Saturday, June 23, 2012
Kim Thuy (translated by Sheila Fischman)
The Clerkenwell Press, £8.99;
Ebook, $12.04 USA/Europe
Review: Billy O’Callaghan
This the heavily autobiographical debut novel of Vietnamese refugee, lawyer and linguist, Kim Thuy, is far from straightforward. Across a 150-page chain of vignettes, with scenes that surrender all semblance of order to the free-fall of memory, the initial impression is probably one of deep admiration for such an ambitious approach to structure and the elegant, lyrical flow of prose gently translated from French.
The plot, what little there is, threads a well-worn path: Nguyen An Tinh is born into a privileged Saigon family during the Tet Offensive, and has her world shattered when the Communist inspectors come and confiscate everything. Luckier than most, the family are able to buy their escape and, with a few diamonds sown into the collars of their shirts they set off to build a future elsewhere.

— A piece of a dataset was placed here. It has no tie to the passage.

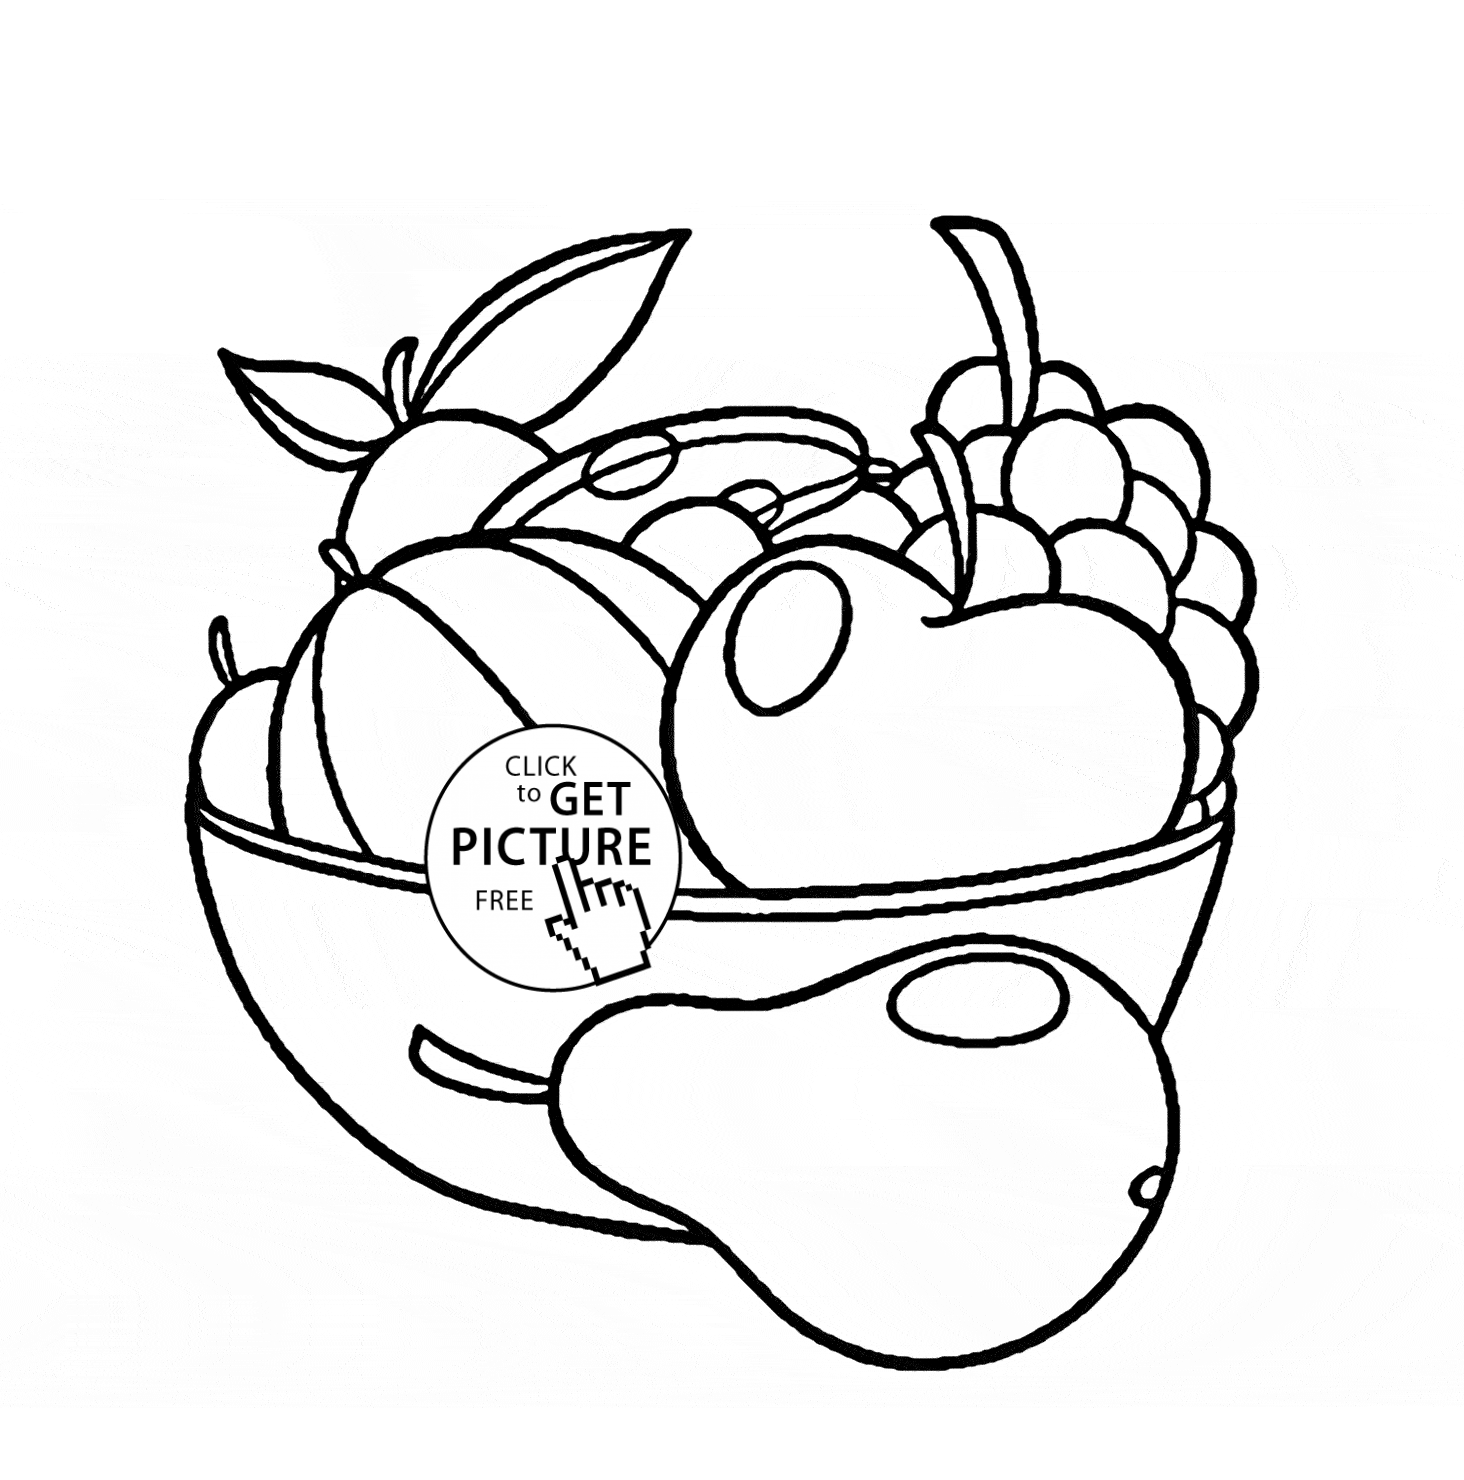 Free Coloring Pages Of A Bowl Of Fruit, Download Free Coloring ...

Initially they bear a temporary stint in a Malaysian refugee camp before finally washing up in Quebec, an hospitable, open-armed and thoroughly foreign place in which they can settle down to life, liberty, and the endless, reckless pursuit of the American Dream. But for Nguyen, there is an overwhelming need to return, to see her home again.
It is the invention of its technique, coupled with a rare sense of substance, that elevates this short novel above so many of its kind.
The vignette approach allows for considerable freedom, and presents Miss Thuy with an opportunity to focus only on the sharpest splinters of her own past. As might be expected in surrendering to such minutiae, which on certain pages distills to an almost overwhelming sense of the surreal, there is little in the way of linear narrative. Yet far from feeling disjointed, the links between scenes are perfectly weighted and the progression oddly natural.
To risk all on the sum of its parts might seem dangerous, but the material’s innate truth justifies its author’s faith and through skilful assembly a whistle-clean story emerges. And yet, the story matters less than the raw acceptance of its moments, often brutal, occasionally full of beauty, the unexpected glimpses recounted without judgement or sentimentality of a world we know only through hearsay.
“Sometimes a mine exploded. One day a woman was torn to pieces, surrounded by yellow squash blossoms, scattered, fragmented. She must have been on her way to the market to sell her vegetables. Maybe they also found the body of her baby by the roadside. Or not.”
Critical acclaim has already been effusive, earning Ru a horde of honours, including Canada’s prestigious Governor General’s Award. It is a difficult, challenging and ultimately rewarding read from an author already at the top of her game.